Sorry - here's the actual text that should have been in my last (empty) post
This is a post of an offline email I sent to the team yesterday, with cc to you. I'm posting it here for two reasons.
First, so that it can be more easily referenced later if need be.
Second, because the reported results shows that there's no point in trying to reach any final conclusions from intra-fold significance analysis (e.g. as in my last post) until significance analysis has been done for all folds - otherwise, any intra-fold conclusions may simply not be sufficently generalizable.
Off-line email (7/10/2011):
[Note to Ray Koopman: the following will be of interest to you primarily because it explains the "mystery" of why our driver based on "u" was not as strong as our driver based on "e" when we did our logistic regressions on yields from AML's programs]
[Note to Robert Lewis: the following will be of interest to you only because it greatly strengthens the case that AT LEAST one pair of linear regressions informs the over all system]
I have now completed Ray's approved test protocol on folds a1/a3/b1 (1728 out of 3456 regressions) and the data yield the following 3 results in a completely unambiguous manner, with possibles avenues of protest available to statistical referees greatly reduced due to a "signficcance-reduction" technique called the "Bonferroni correction" which Ray deliberately built into the proticol.
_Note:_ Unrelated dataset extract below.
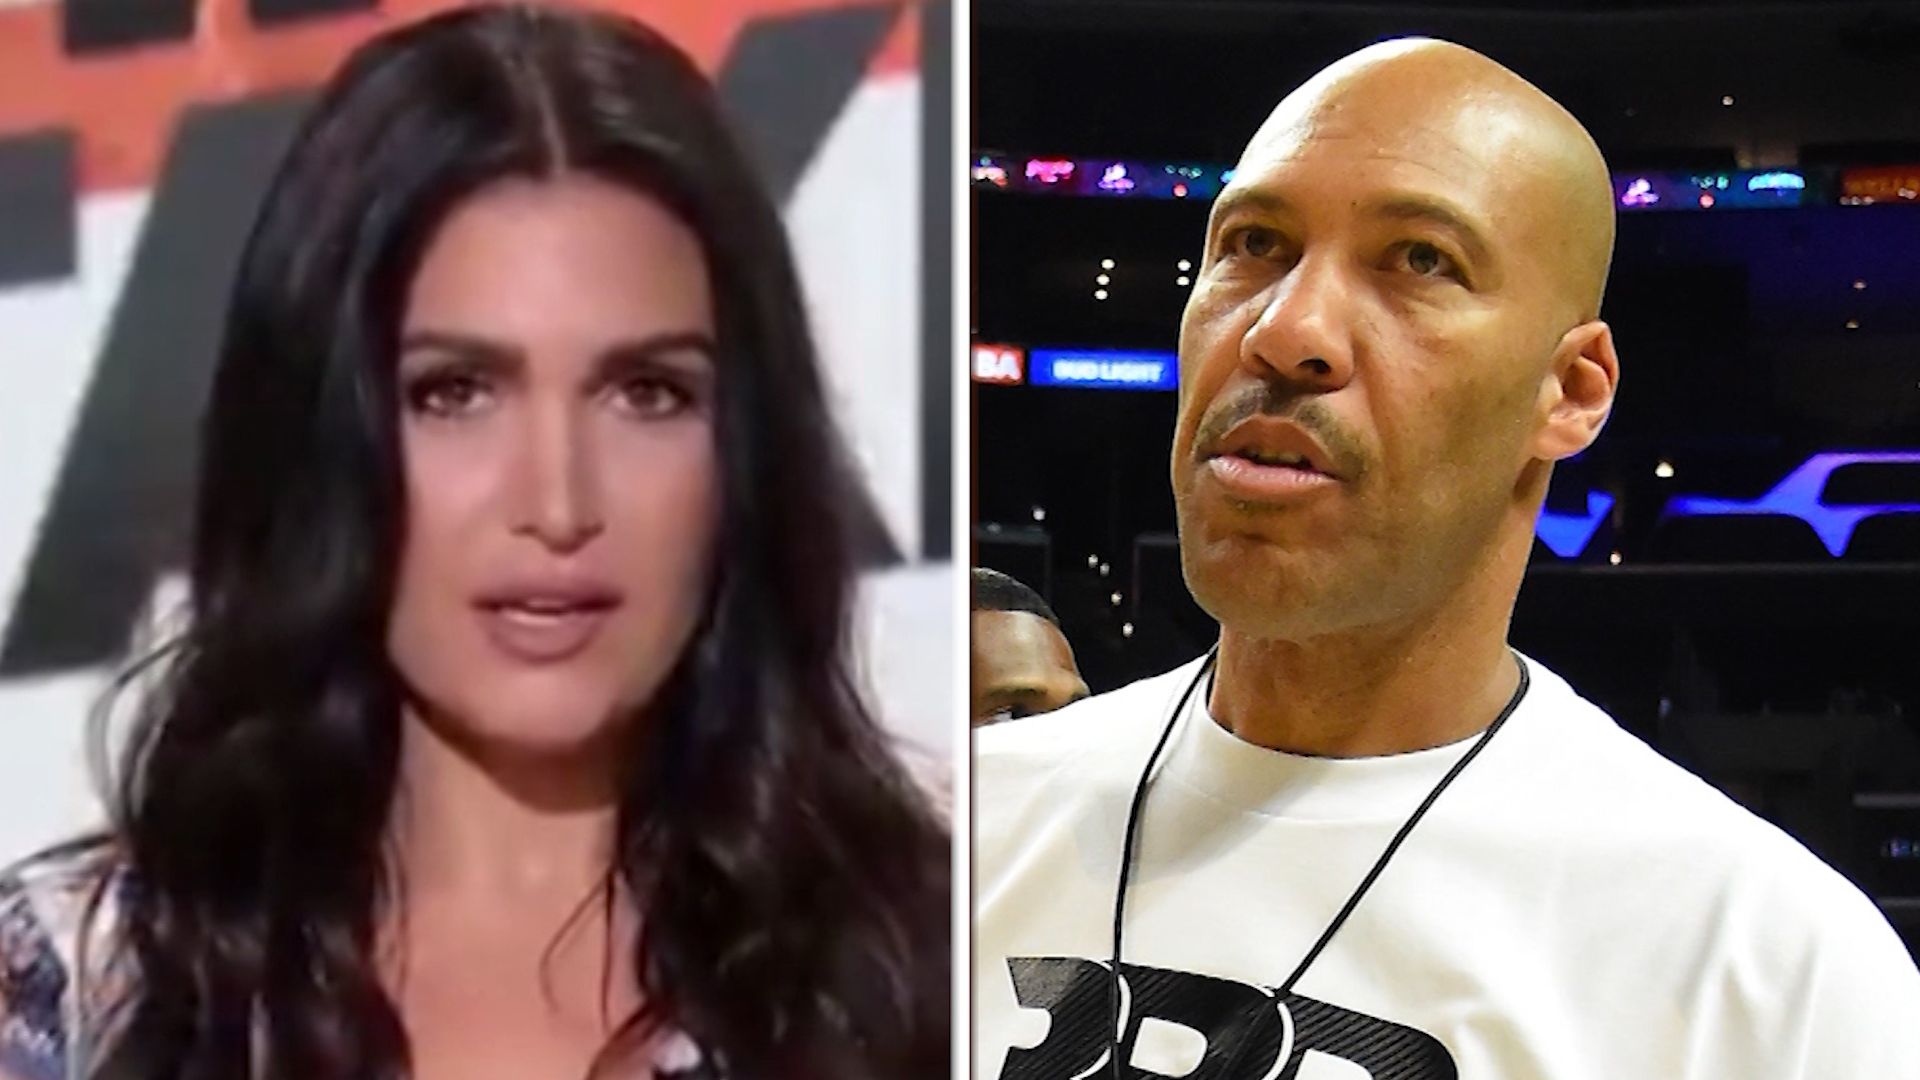 Facebook Airs New Reality Show Starring LaVar Ball & Family - The Source

Results ACROSS ALL THREE FOLDS:
1) we get our linear regression involvoing the ENTHALPIC level of dicodons if and only if we use our original set of 63 dicodons;
2) iwe get out linear regression involving the REPRESENTATION level of dicodons if and only if we use the augmented set of 119 dicodons containing the original 63 PLUSs their stop-free reverse complements (MINUS four duplicates, i.e. 119 = 123 - 4.)
3) we get neither regression if we use just the set of 60 stop-free dicodons that are the reverse complements (and therefore, the energetic equivalents) of the 63.
These results raise the question of why we must augment the original 63 with their non-duplicatory stop-free reverse dicomplements in order to obtain our linear regression on REPRESENTAION level, but not our linear regression on ENTHALPIC level.
And of course, one answer to this question is that the data contain inverted repeats in which the 63 original dicodons and their stop-free reverse complements figure heavily.
Fortunately, we can use a portion of our existing test protocol to investigate this possibility - if we see more inverted repeats using the set of 119 dicodons than using the natural alternative group of 1058 dicodons which encode the same 82 dipeptides, then we will know that inverted repeats are contributing to result (2) noted above ...
If this investigation yields the desired result, then this result would certainly be an item to include in Paper I, along with the central notion of "bounds on mutation" implied by our regressions. (And any results we may get related our 63 dicodons to hexnucleotides in eukaryotic promoters, as discussed in a prior email.)